---
title: "Tutorial: How big is a genome? Exploring size and scope of the human genome in Python"
format: html
---




## Introduction 

This tutorial uses basic libraries in Python to explore how big the human genome is and the volume of data generate when we submit a sample to a genetic testing service like 23andMe.

## Preliminaries

### Libraries

We'll use standard Python data science libraries in this tutorial, including pandas, seaborn, and numpy.


In [None]:
import pandas as pd
import seaborn as sns
import numpy as np
import matplotlib.pyplot as plt
import matplotlib.patches as mpatches

### Data

The main dataset in this tutorial is a table of chromosome lengths from the [NCBI](https://www.ncbi.nlm.nih.gov/grc/human/data?asm=GRCh37).

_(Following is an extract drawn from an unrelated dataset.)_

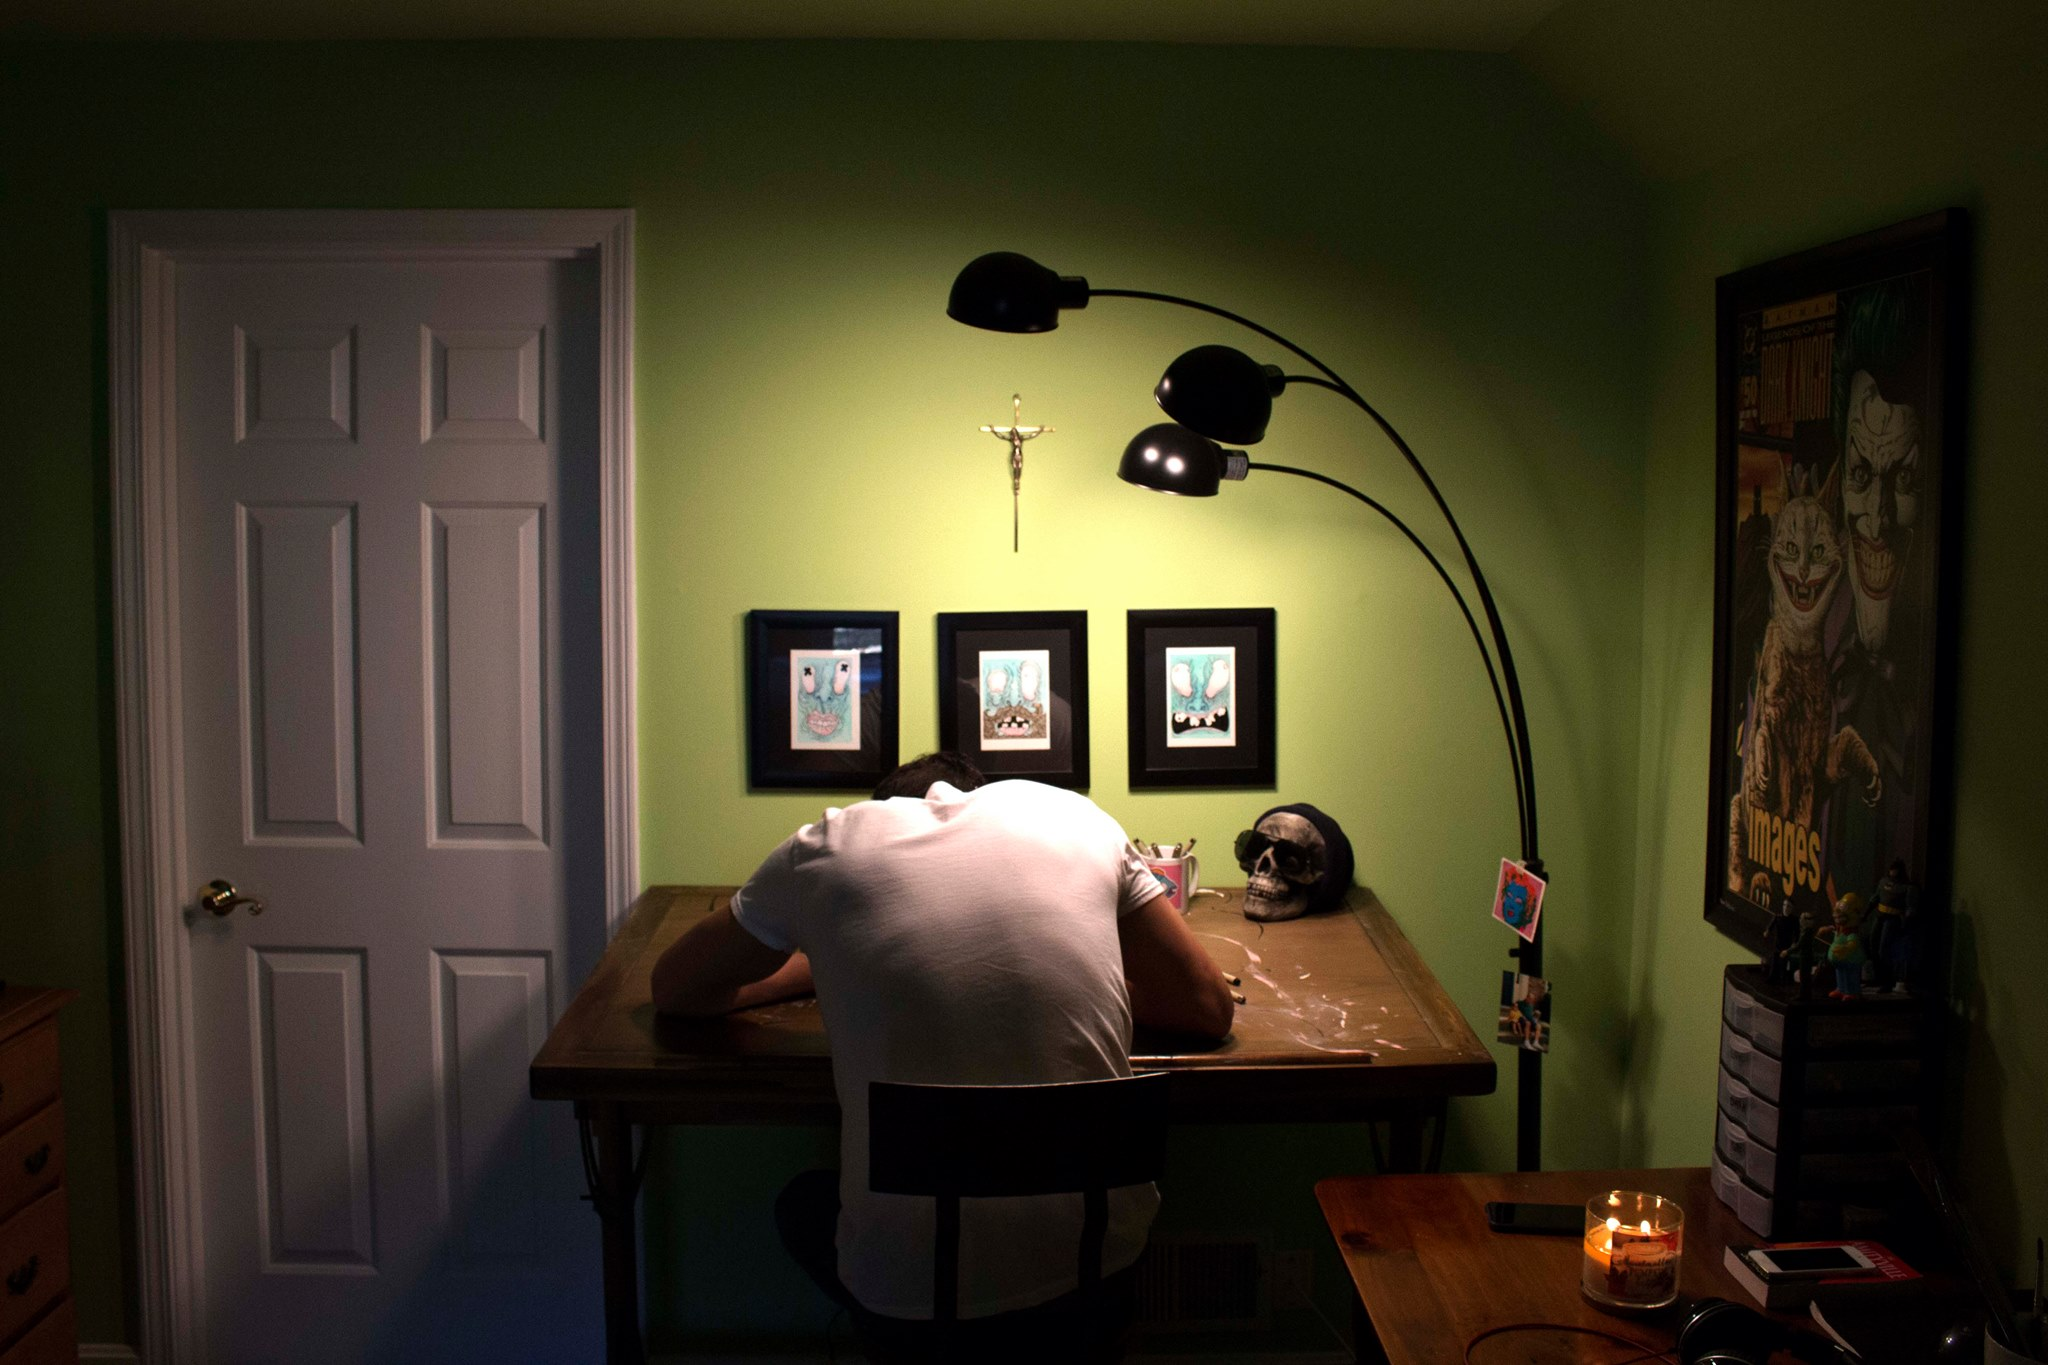 The artist in his studio.
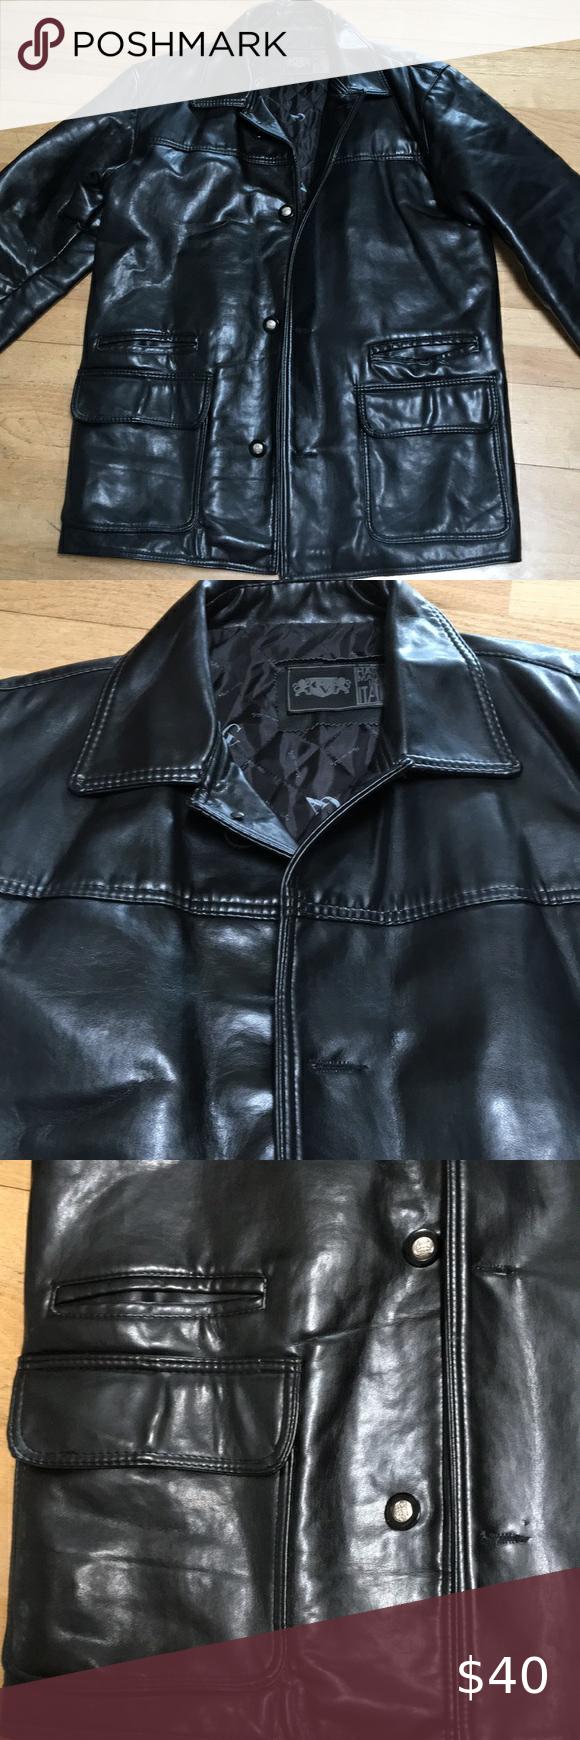 Men S Black Faux Leather Coat Jacket Made Italy L Leather Coat Jacket Faux Leather Coat Leather Coat [ 1740 x 580 Pixel ]

This is a small dataset, so we can quickly build a pandas dataframe from the data:


In [None]:
#| echo: true
# raw data lists
chromo_numeric = [1,2,3,4,5,6,7,8,9,10,
                  11,12,13,14,15,16,17,
                  18,19,20,21,22,23,24,25]
chromo_str = ["1","2","3","4","5","6","7","8","9","10",
                  "11","12","13","14","15","16","17",
                  "18","19","20","21","22","X","Y","Mito"]
chromo_len = [249250621,243199373,198022430,191154276,180915260,
                171115067,159138663,146364022,141213431,135534747,135006516,
                133851895,115169878,107349540,102531392,90354753,81195210,78077248,59128983,
                63025520,48129895,51304566,155270560,59373566,16569]

# convert to series
chromo_numeric_ser = pd.Series(chromo_numeric)
chromo_str_ser = pd.Series(chromo_str)
chromo_len_ser    = pd.Series(chromo_len)

## additional info
snps_approx = chromo_len_ser*0.04
#chromo_type = ["Autosome","Sex","Organelle"]
#chromo_type = np.repeat(chromo_type, [22,2,1], axis=0)
#chromo_type_ser = pd.Series(chromo_type)

## build pandas dataframe
chromo_info = pd.DataFrame({"chrom_numeric": chromo_numeric_ser,
                           "chromo_str": chromo_str_ser,
                           #"chrom_type": chromo_type_ser,
                           "chrom_len":   chromo_len_ser,
                           "snps_approx": snps_approx})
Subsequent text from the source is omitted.